Okay, so lately I’ve been writing too much personal blog posts, but I think I’m going to also adding that to the current renovation list that I have yet to finish for this blog. Probably seems like a lot of changes, but they are all small changes, and they are just little add-on’s and tweaks that I think are good.
OH, and this The Daily Dino is just going to be monthly posts about things that are going on, they will have no specific date to when to be posted, they’ll just be posted according to that month.
Anyways, LIKE WHAT??
Yes, you heard me right. Tomorrow, I’ll be going to high school.
Ha, you thought I was finishing high school, but it’s okay, because I’d probably think that as well if I was just reading a blog post about it.
Okay, I can’t even really wrap my mind around this.

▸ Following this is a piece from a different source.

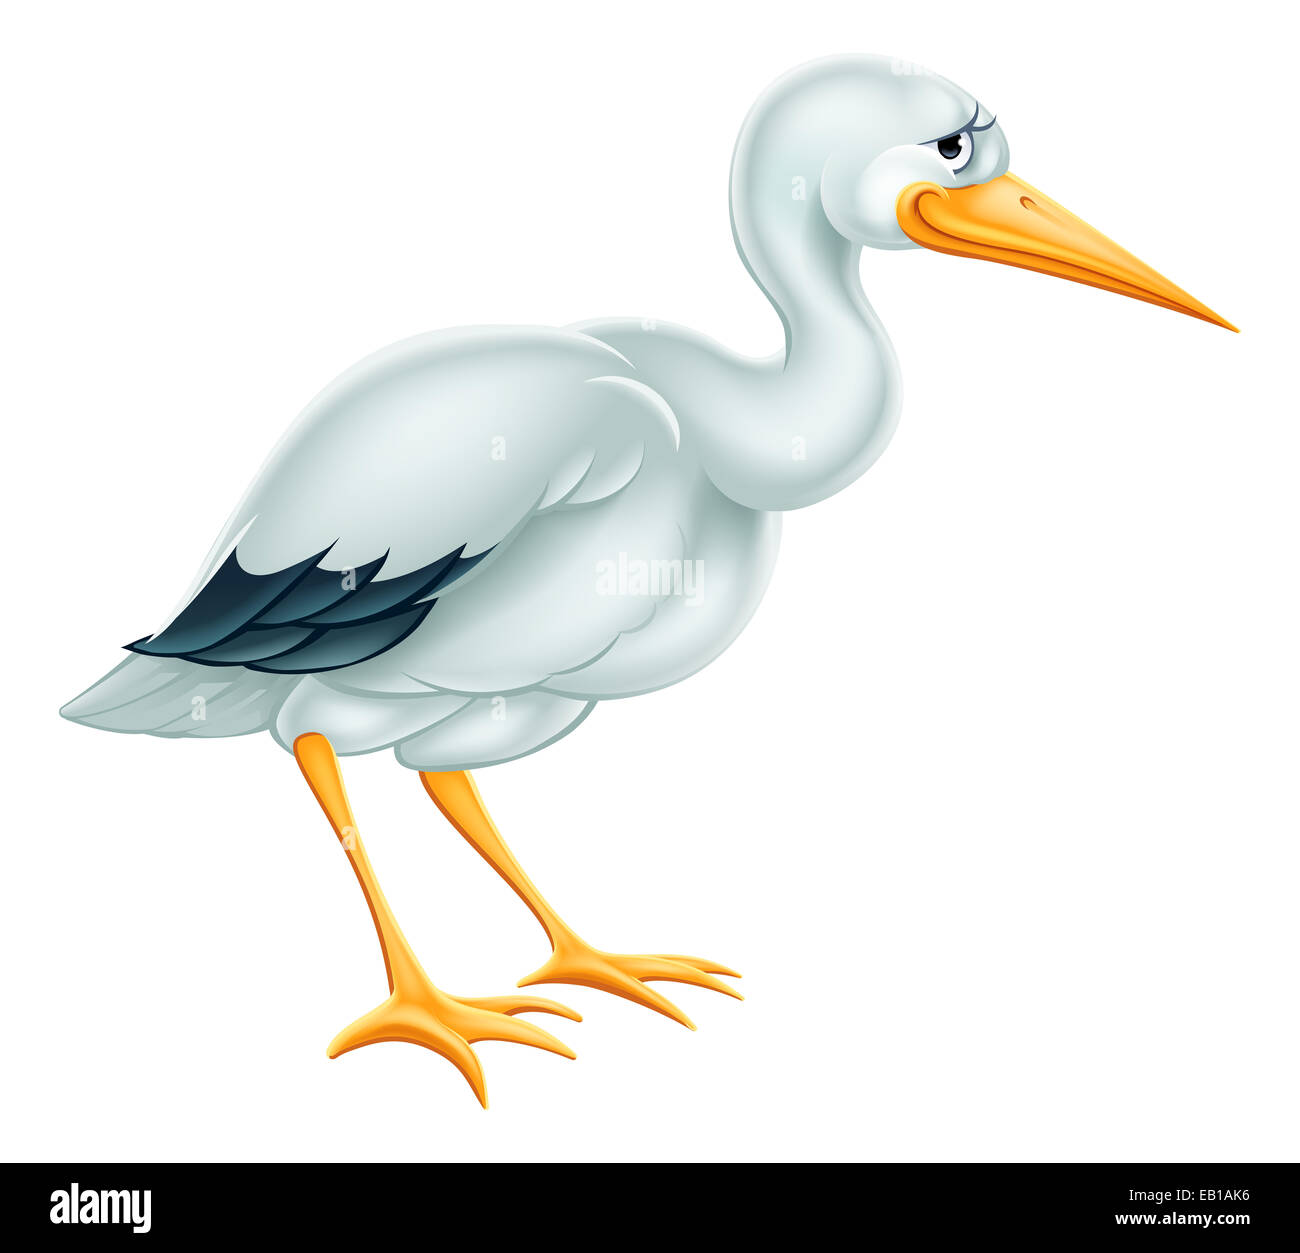 Ein Beispiel für einen niedlichen Cartoon Storch Vogel Charakter Stockfoto

I can even begin to think about the fact that tomorrow I’m completing 9 years at my current school, and am going to move onto a high school, joining people on the journey of their lives.

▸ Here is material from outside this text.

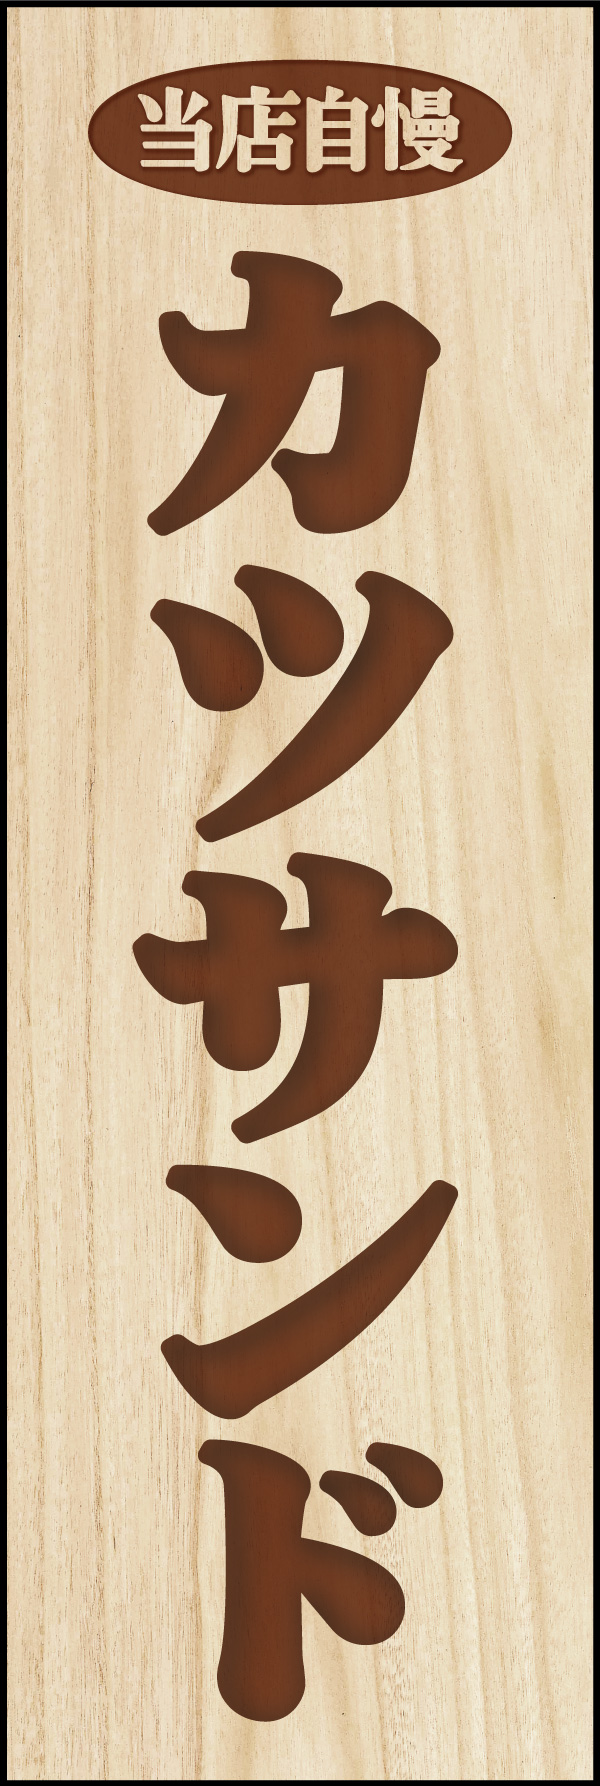 カツサンド 03 「カツサンド」の幟です。木彫りの札をイメージしたデザインにしました。(Y.M)

Half of me is nervous, and half of me is excited.
Part of me does not want to go put on that white cap and gown, and part of me doesn’t want to go walk down those aisles, and receive that diploma that will tell me that I am finally completed with eighth grade, and that I have permission to go onto a new school for high school.
That part of me would rather do anything else, because I do not want to leave that part of my 8th grade classmates.
The other part of me is the slightest bit of excited.
You’d think I’d be fully happy, but nothing it great about leaving the people you’d formed the tightest of relationships with over eight years.
This part of me is excited to finish middle school, and just wants to move on and live life and meet new people. But really, and with all honesty- I don’t want to. But then again.. I do. I do want to go, because I really don’t want to be stuck in one place forever.
No use in living a great life with people you love, but you’re just tied down in one place. That feeling probably is just unbearable and hard to handle, because you just want to move on and get over it and just move on. Because it just becomes not fun, you know, you’re just like, “ughh, it’s getting boring” or, “i’m bored”.
Especially if you live in some small town, like I am. The town you live in has things to do, but after living there for a while, you’re just like please- I want something new!!
I want a new route in my daily day, something to add- just a little spice, ya know??
Quite frankly, I don’t even know where this post is going, it’s just like a little chit chat session, but if you like that kind of stuff, please tell me because I want to know what you all want to be on this blog as a series. Because currently, I already have a couple of series written down on paper and I’ll share that with you maybe next week.
But before I go, I’d like to tell you that tomorrow I won’t be posting because of this so called graduation. SO tomorrow, if you want to know why there’s no post up, it’s because of that reason.